Analyst Class 10 Years Out? (Calling all WSO vets)

I often hear that most IB analysts go on to be relatively successful, but I'd love to hear about your class and what the analysts in your class have gone on to.


(Would also be great to get a complete view, like how long ago it was and what percent of the class went on to a certain position. Ex. 10% continued in IB and made MD, 20% to startups, 10% retired, etc.)

 

I’m a few years out (not 10, but most of us have left the bank and gone on to at least one role since) from a non-IB, but still very selective/niche analyst program at a BB (strategy & “internal consulting” type team to ELI5) where most people were from ivy+ schools or top publics.

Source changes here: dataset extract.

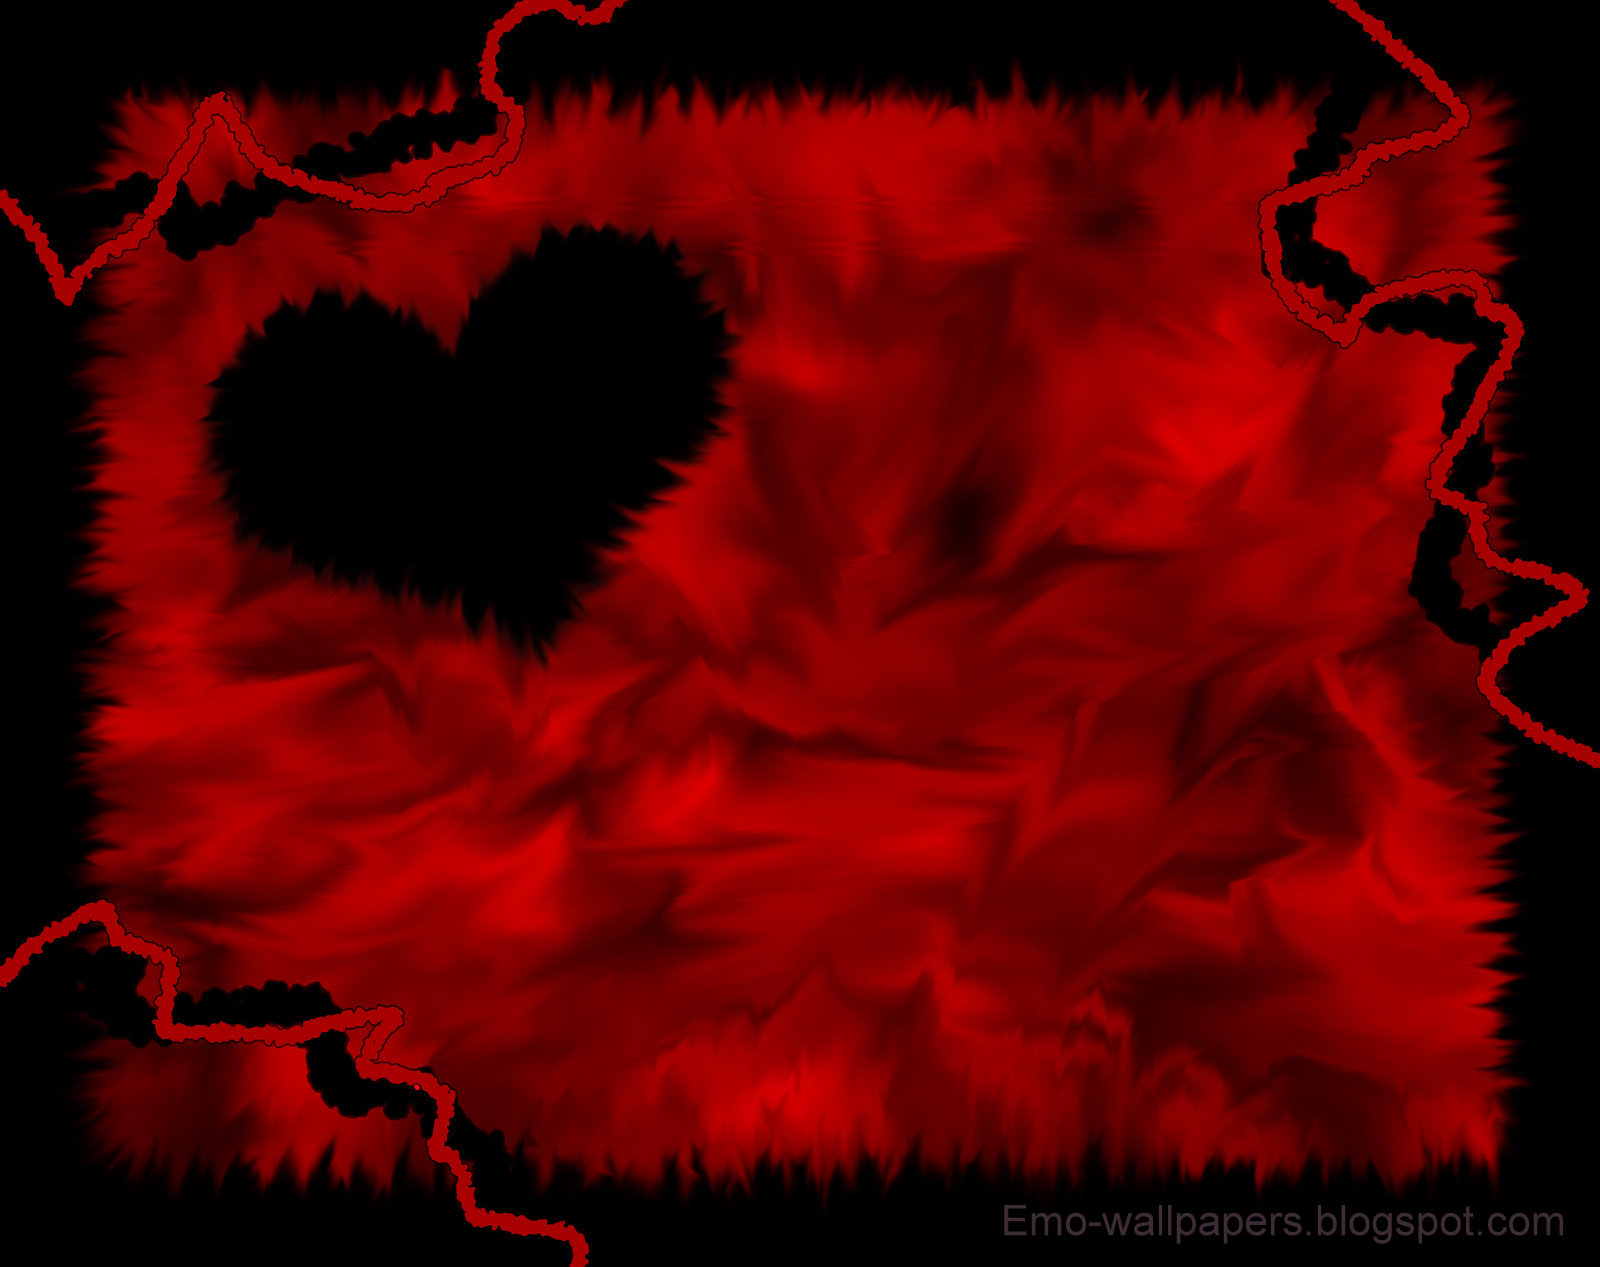 Tải về miễn phí Broken Heart Emo Wallpaper [1600x1267] cho máy tính của bạn với nền Emo đỏ sẽ thật sự đáng kinh ngạc và rực rỡ. Những hình ảnh đầy cảm xúc này sẽ khiến bạn cảm thấy thật sự bị đánh bay hoàn toàn tất cả mọi áp lực. Hãy tải ngay và khám phá thế giới Emo đỏ này!

We had an analytics slant since our MD was an ex-Gamma guy, so that colored exits ever so slightly but still lots of generalist roles since we interfaced with the corp dev/corp banking/strategy teams very often.

Off the top of my head, some exits from my class and the one above (~30-35 total analysts):

1 to REPE

2 to MBB (one BCG Gamma one generalist at B)

2 to T2’s

1 to Amazon

1 to vanguard

5-10 to large (but not FAANG) tech companies

1 to vanguard

~5 or so to fintechs

3-5 at small software startups

One of our directors left to head up the data & analytics org at a MF.

There’s a few more that have ended up at lower end roles (know of 2 that were CTL’d) or haven’t left the BB yet, but the median outcome has still been very very strong.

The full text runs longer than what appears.